À la fin du XVe siècle, la conquête des Amériques et l’expansion espagnole en Asie inaugurèrent la construction d’un empire planétaire inédit. 

 

Dès ses origines, cet espace impérial se distingua par une caractéristique majeure: le métissage, fruit de la rencontre brutale mais durable de trois continents (l’Europe, l’Afrique et l’Amérique). 

 

Contrairement à d’autres expériences coloniales où la ségrégation demeura marquée, le projet espagnol se développa très tôt dans une logique d’intégration partielle et de recomposition sociale. 

 

Ce métissage omniprésent fut à la fois moteur et menace pour l’ordre établi, car il créa de nouvelles identités mais imposa aussi à la Couronne le défi d’ordonner un monde en perpétuelle mutation.

 

Parallèlement, la conquête ne fut pas l’œuvre exclusive des «péninsulaires». Aux côtés des conquistadors espagnols, on trouvait aussi des hommes et des femmes d’ascendance africaine, esclaves ou libres, dont le rôle reste largement méconnu du grand public.

 

Le métissage, fondement et ambiguïté des sociétés coloniales

 

Pour contenir le «désordre» issu du métissage, la monarchie espagnole mit en place le système des castas.

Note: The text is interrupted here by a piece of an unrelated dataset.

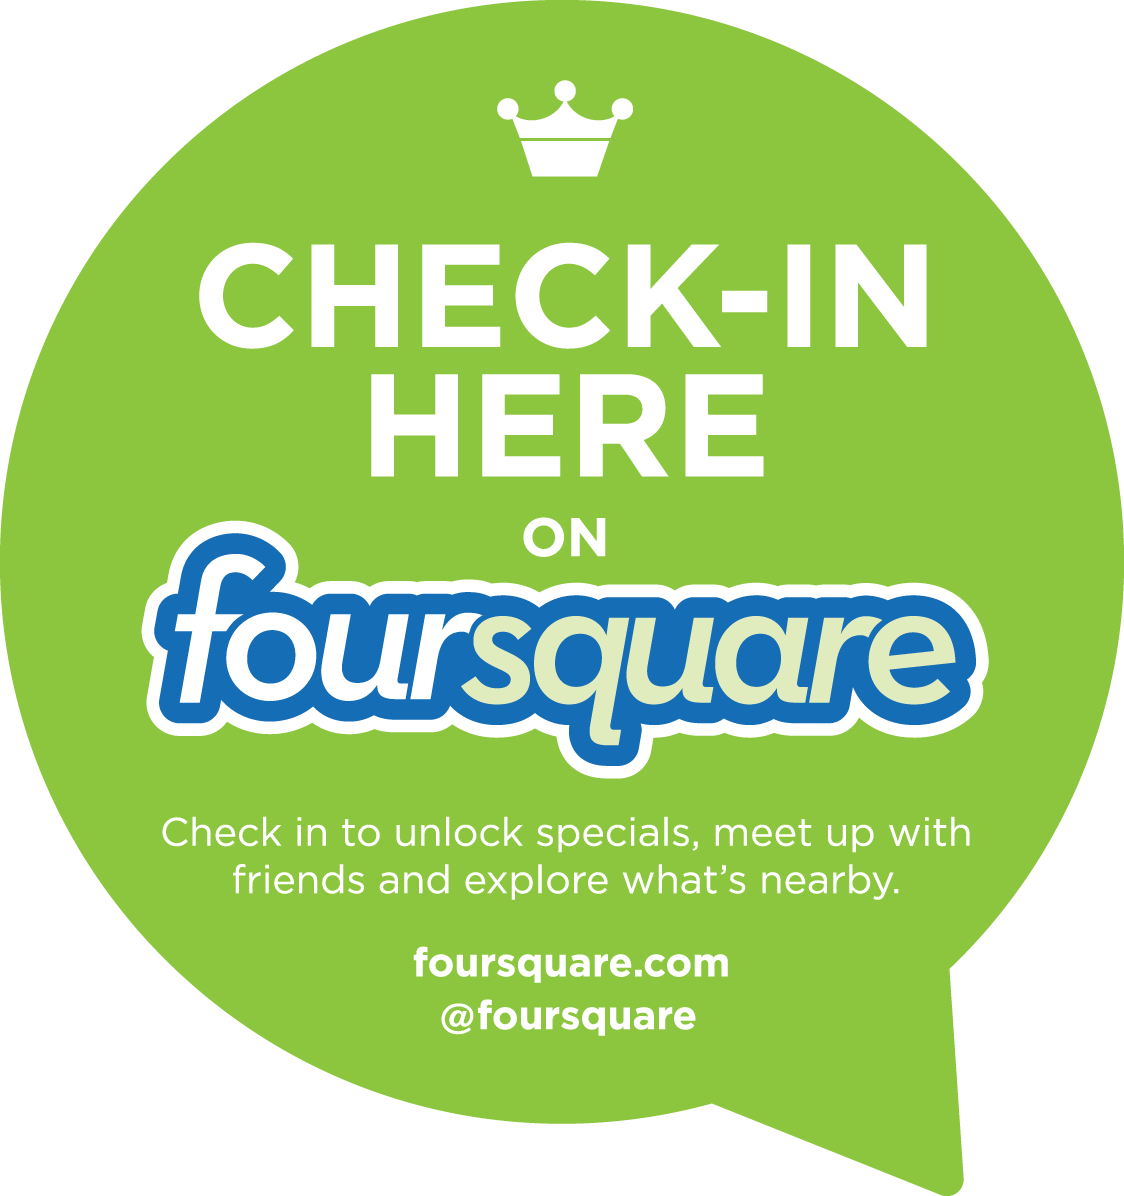 Geek insider, geekinsider, geekinsider. Com,, foursquare offering free movie tickets at comic con, news
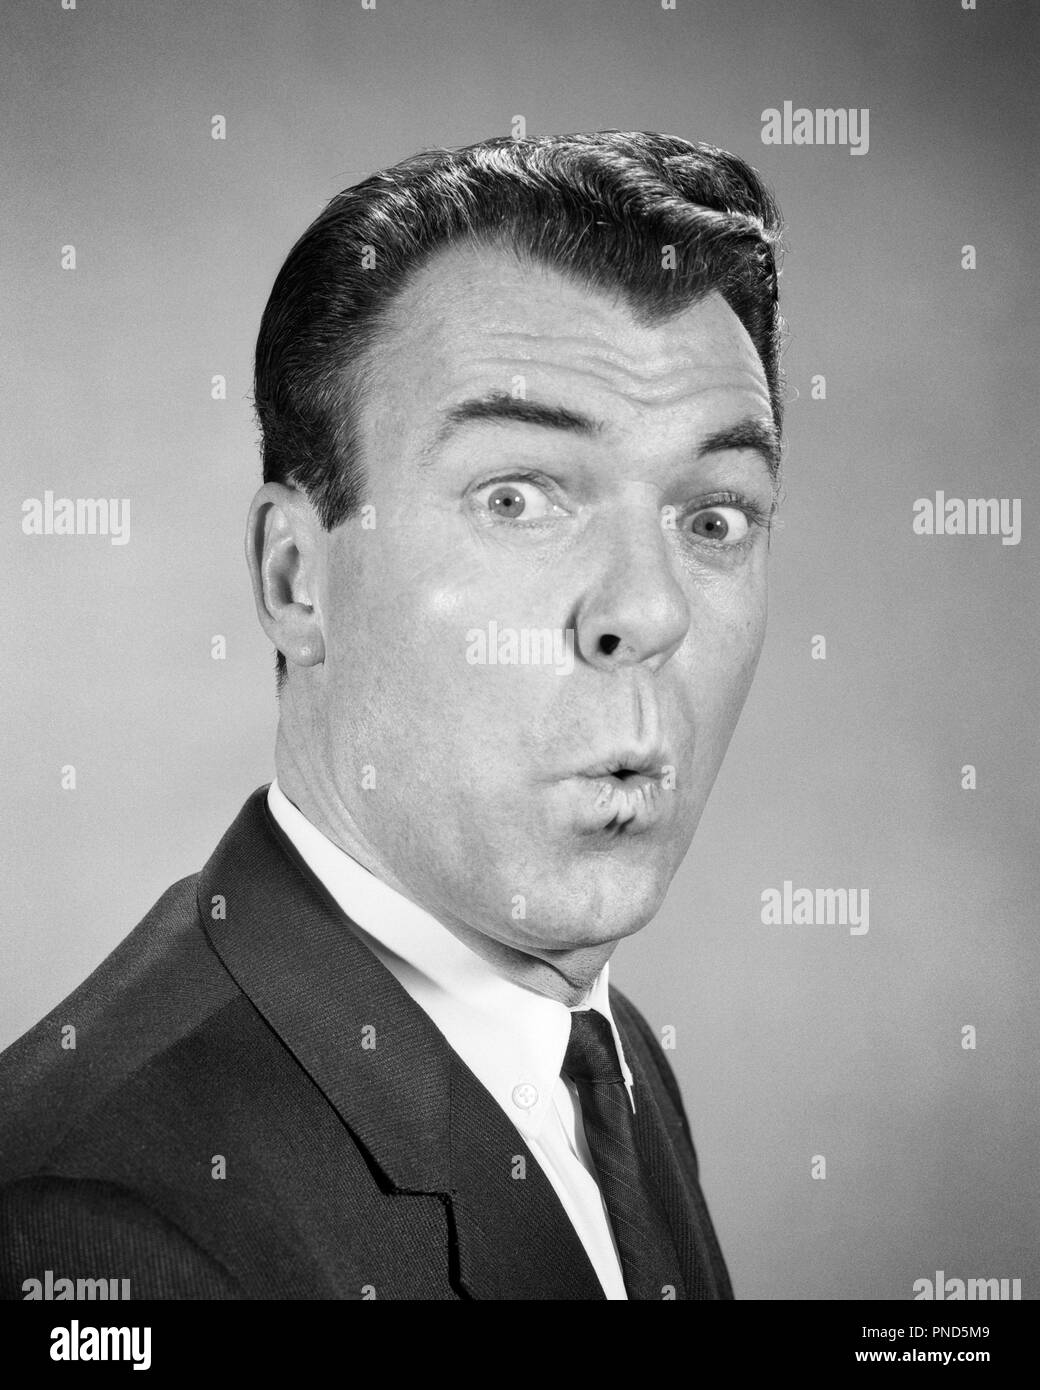 1950s 1960s MAN LOOKING AT CAMERA WITH EYES WIDE LIPS PURSED SURPRISED SHOCKED FACIAL EXPRESSION WHISTLING  - p7021 HAR001 HARS AMAZED B&W WIDE EYE CONTACT BRUNETTE AWE WEIRD HEAD AND SHOULDERS EXCITEMENT ZANY UNCONVENTIONAL PURSED AWED IDIOSYNCRATIC AMUSING ASTONISHED ECCENTRIC EYES WIDE OPEN MID-ADULT MID-ADULT MAN PUCKER WOW BLACK AND WHITE CAUCASIAN ETHNICITY ERRATIC HAR001 OLD FASHIONED Stock Photo

Celui-ci, loin d’être une simple nomenclature phénotypique, constituait une véritable grille sociale, juridique et fiscale. 

 

Au sommet se trouvaient les peninsulares, Espagnols nés dans la péninsule Ibérique et jouissant de tous les avantages.

 

Venaient ensuite les criollos, Espagnols nés en Amérique, puissants économiquement, mais moins prestigieux. En contrebas, une mosaïque de catégories désignait les métis (mestizos, mulatos, etc.) ainsi que les Indiens et les Noirs.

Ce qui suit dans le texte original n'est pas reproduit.